### [Work task]
Give the whole listing below once more, exactly, without pictures.

### [Data section]
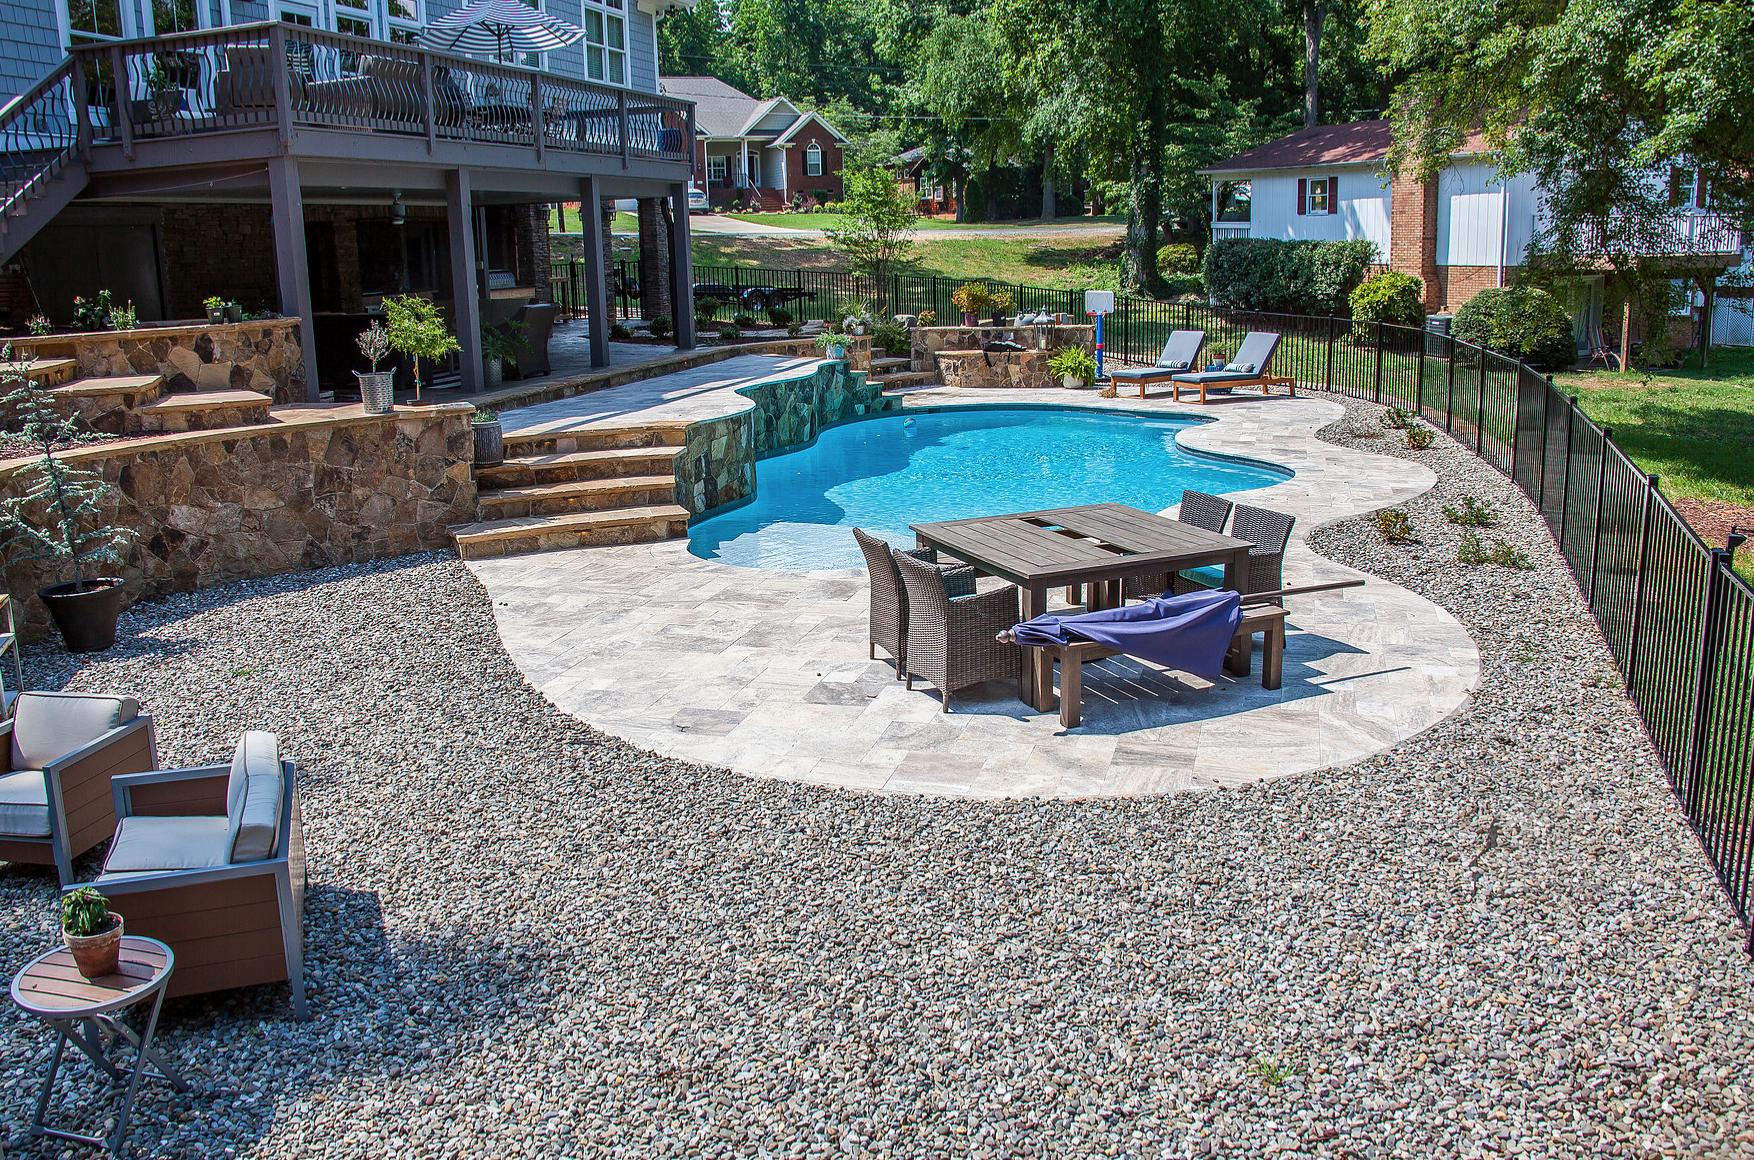 Fiberglass Swimming Pools Vs Concrete Swimming Pools Which
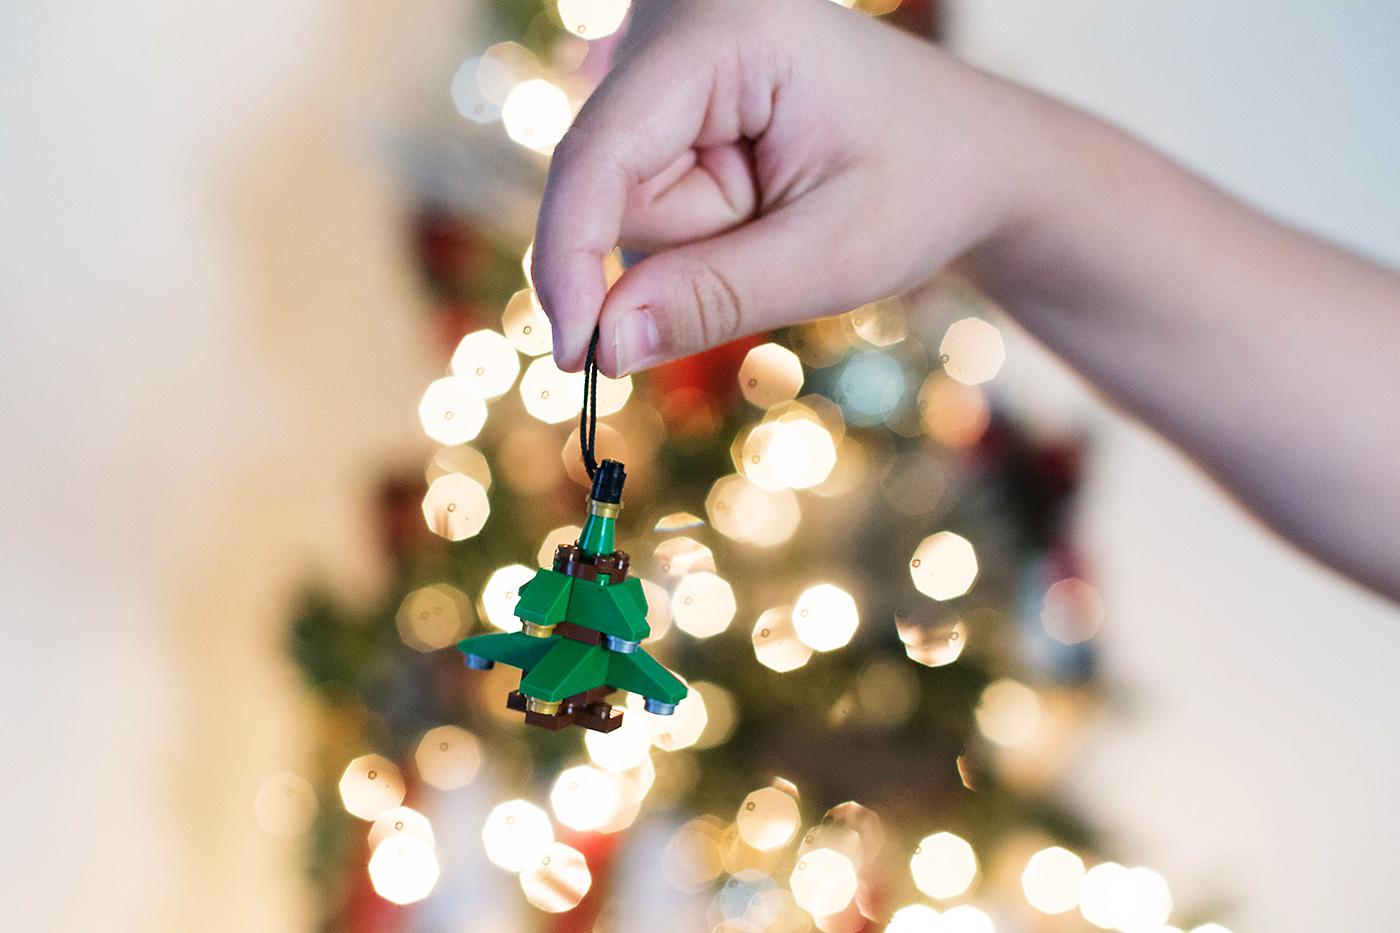 Easy DIY LEGO ornaments
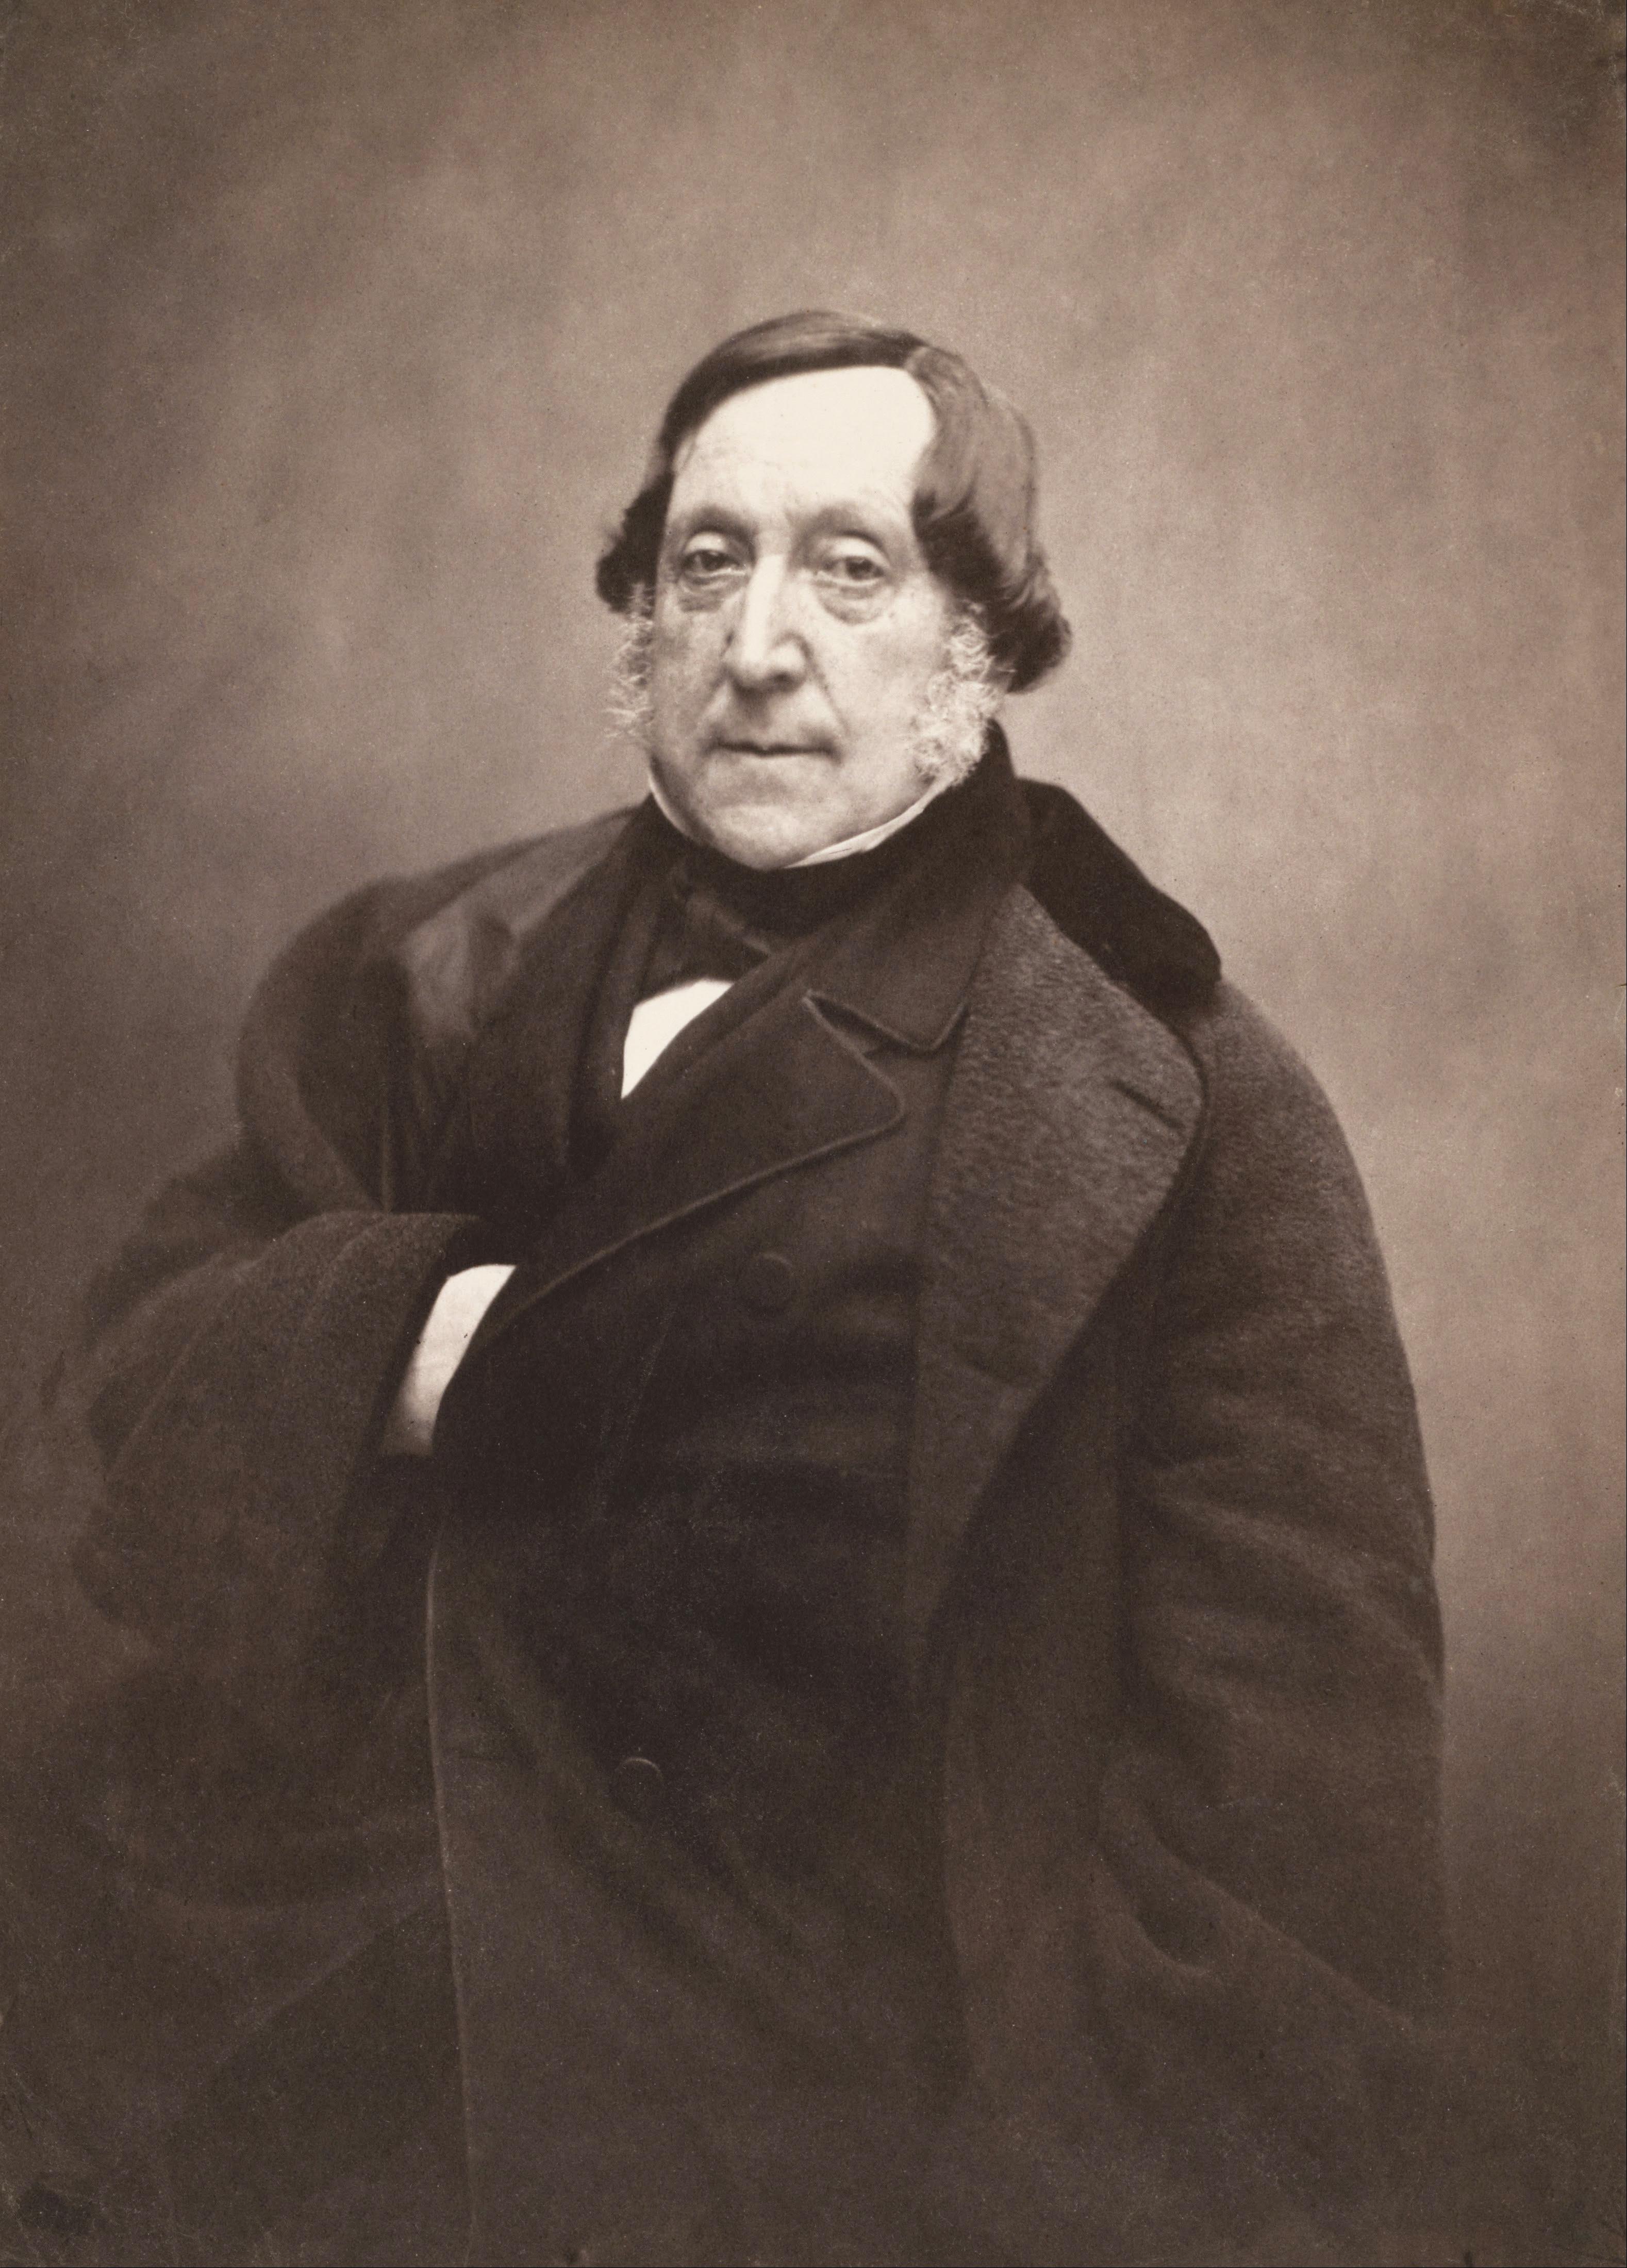 Rossini fotografado por Félix Nadar em torno de 1856.

### [Answer section]
 Fiberglass Swimming Pools Vs Concrete Swimming Pools Which
 Easy DIY LEGO ornaments
 Rossini fotografado por Félix Nadar em torno de 1856.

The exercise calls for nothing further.